**Work to complete:**
An exact restatement of all the data is required, with the pictures left out.

**Data block:**
■ ■ ■ ■ ■ ■ ■
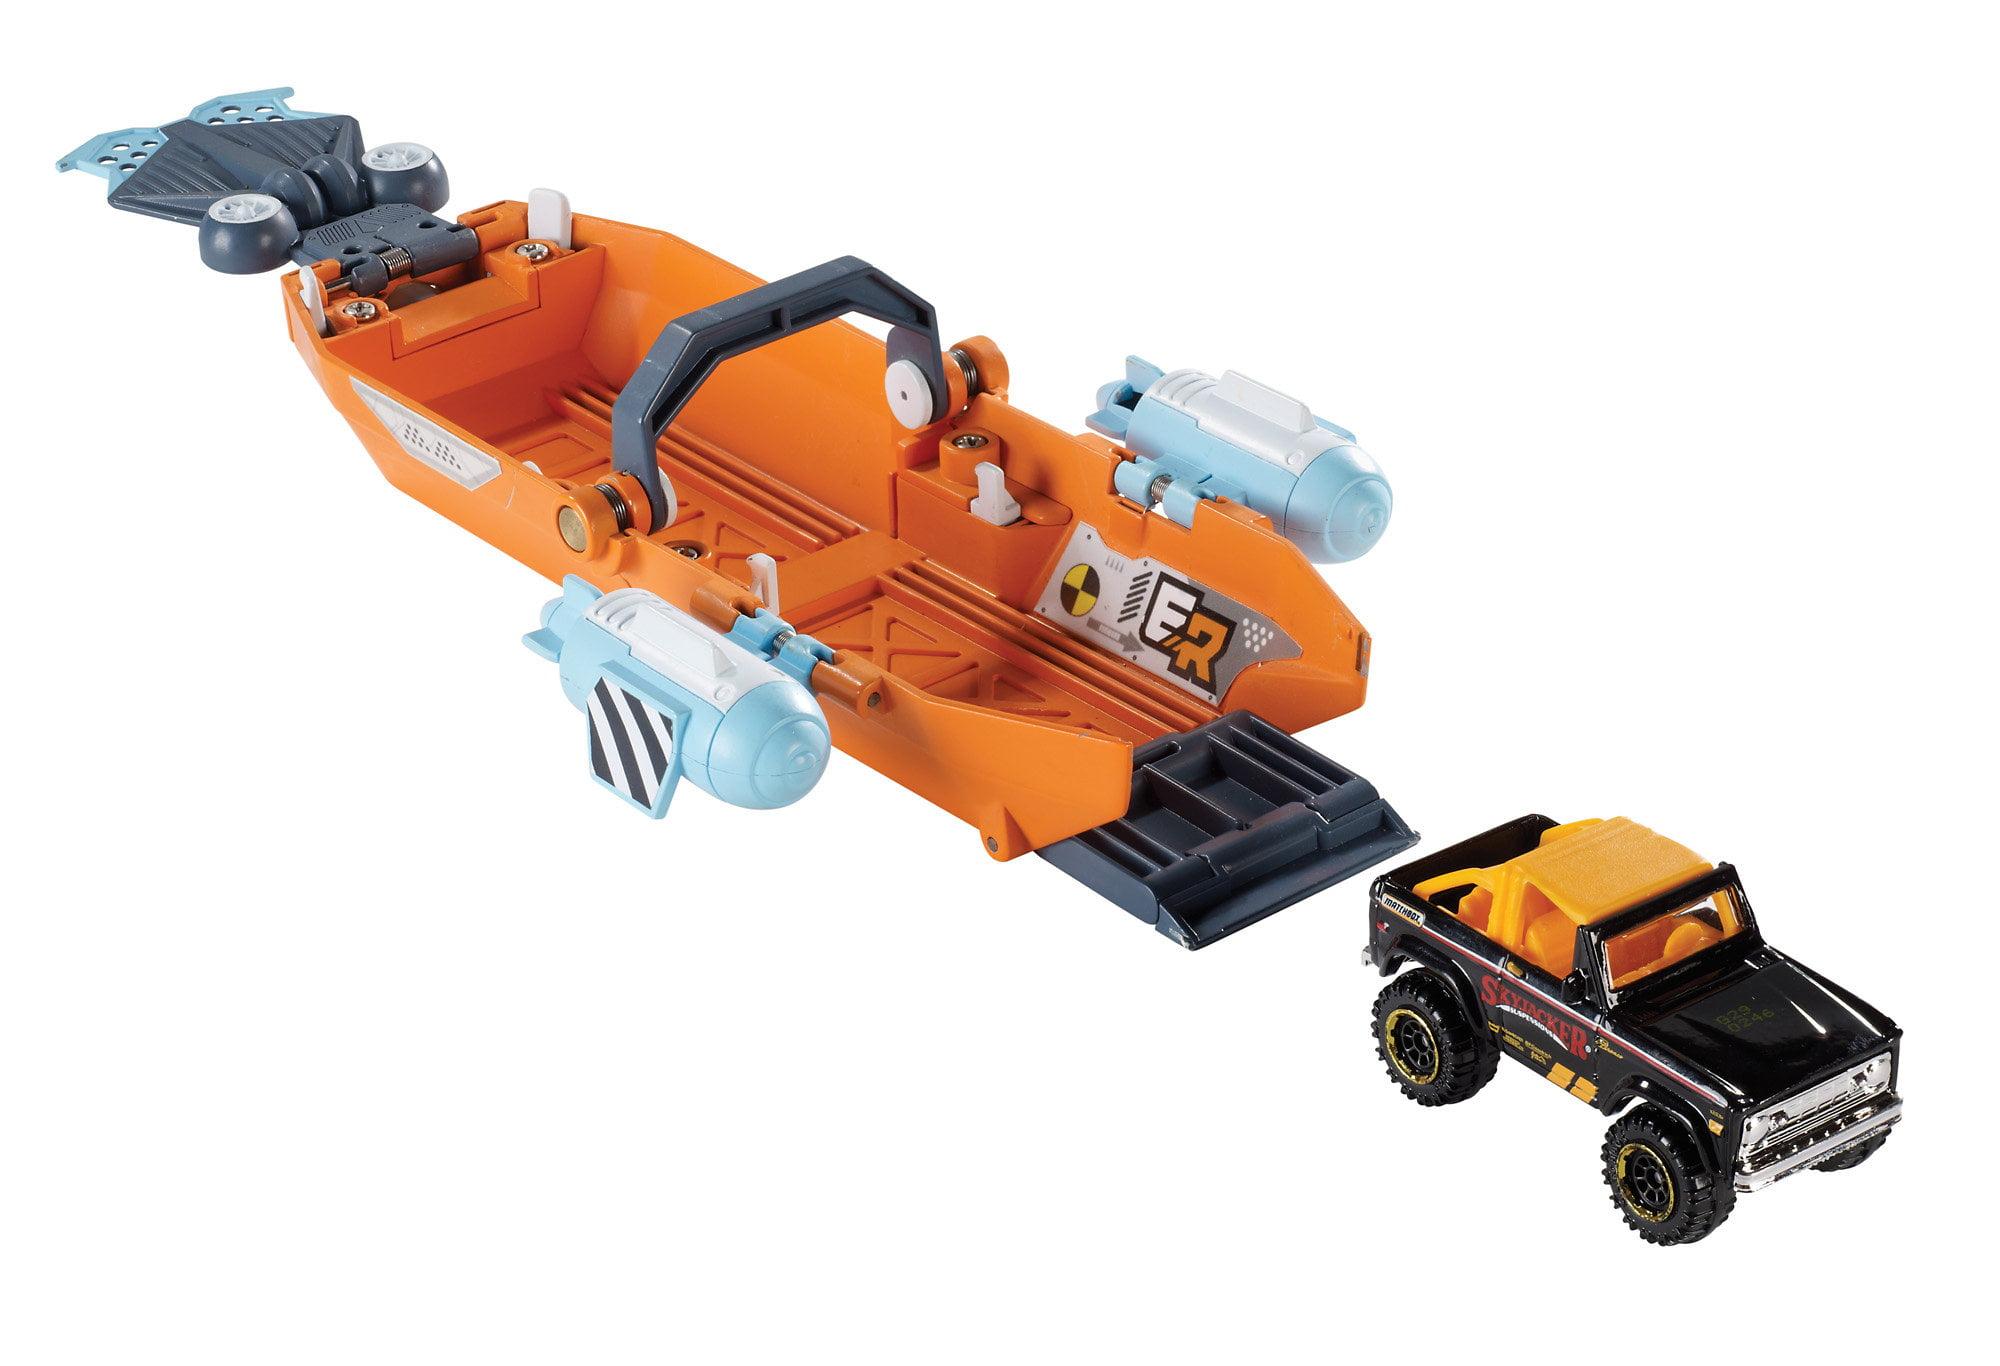 Matchbox Elite Rescue Turbo Canoe by Mattel
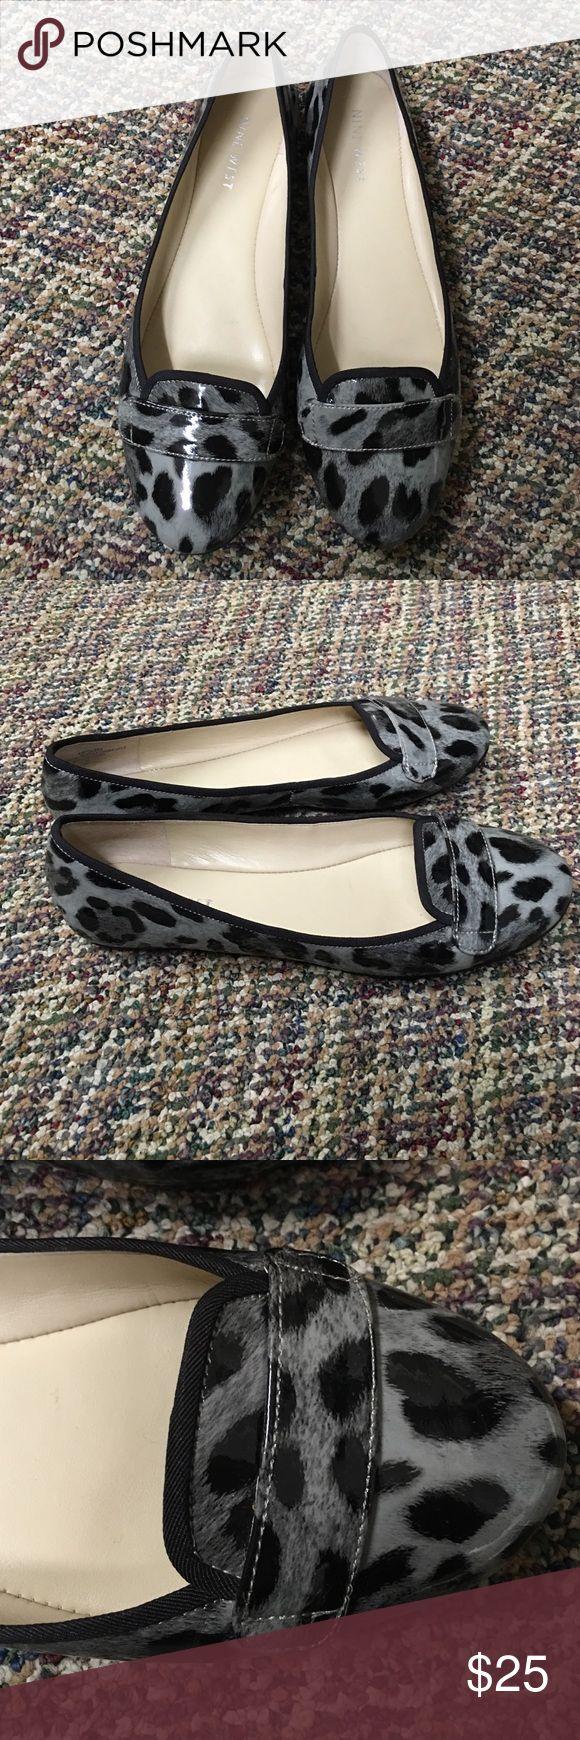 Nine West cheetah flats size 6 Nine West cheetah flats size 6 Nine West Shoes Flats & Loafers
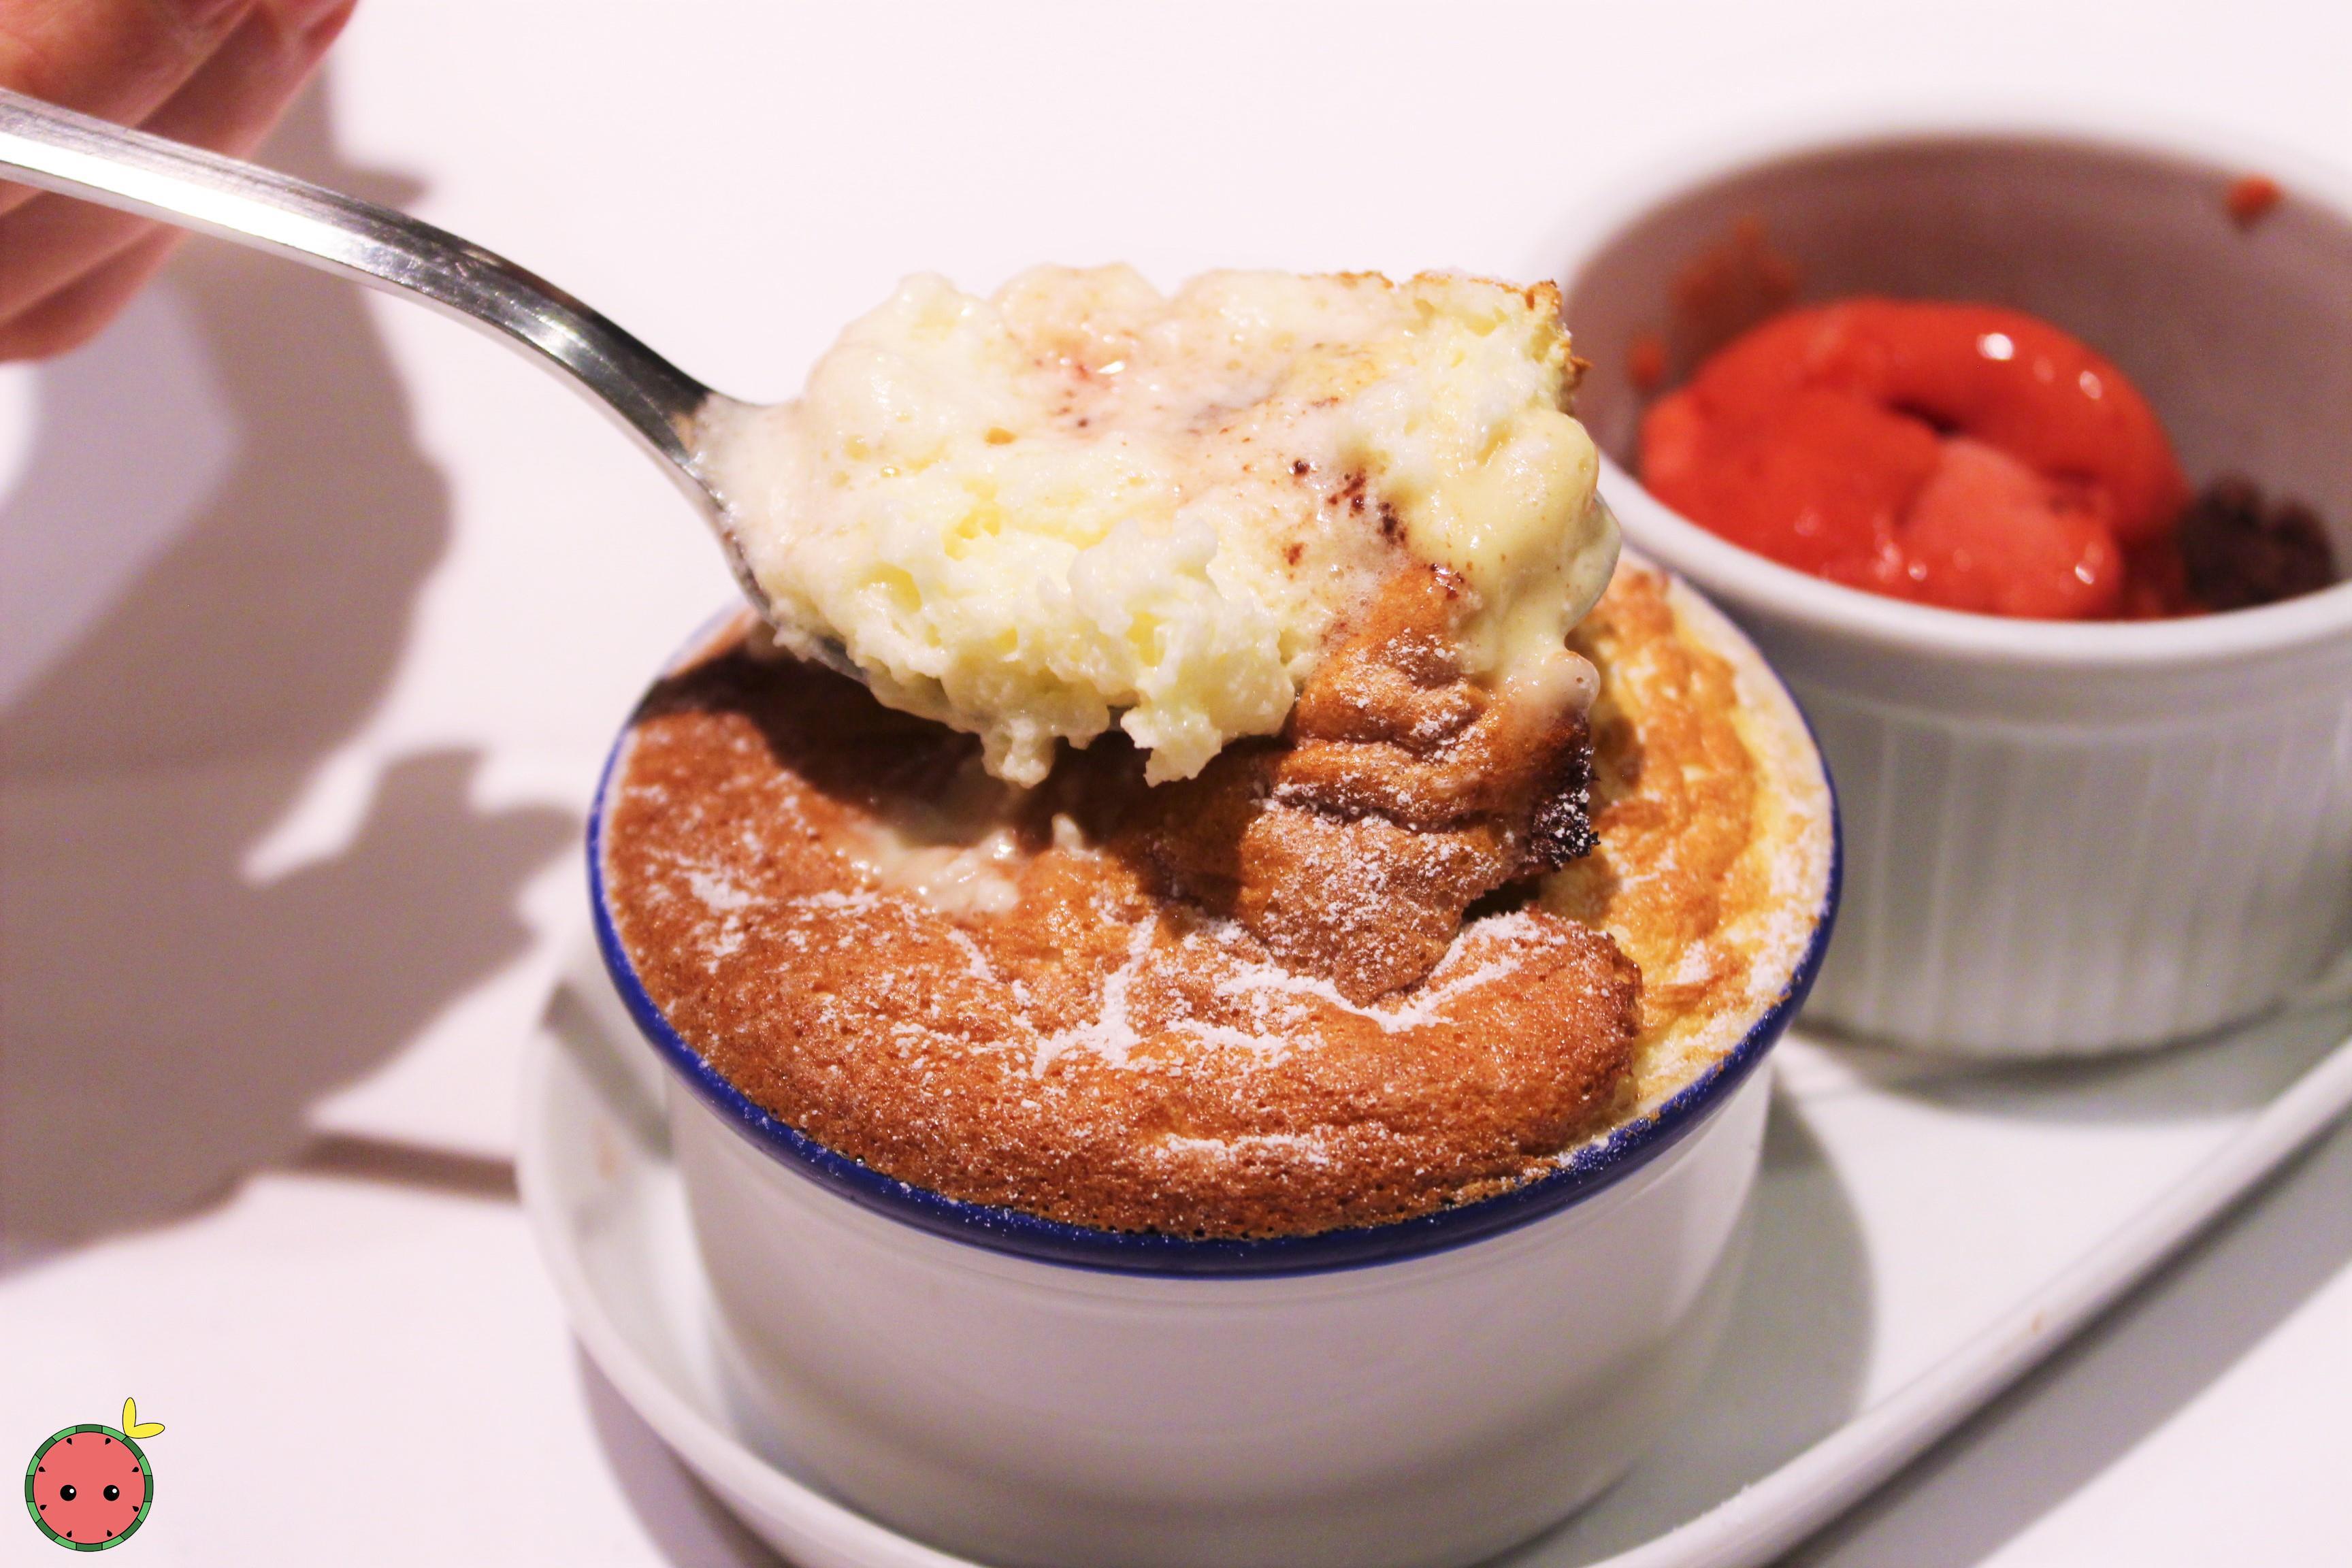 Cream_cheese_soufflé_with_raspberry_ice_cream_(3)
■ ■ ■ ■ ■ ■ ■
**Answer area:**
 Matchbox Elite Rescue Turbo Canoe by Mattel
 Nine West cheetah flats size 6 Nine West cheetah flats size 6 Nine West Shoes Flats & Loafers
 Cream_cheese_soufflé_with_raspberry_ice_cream_(3)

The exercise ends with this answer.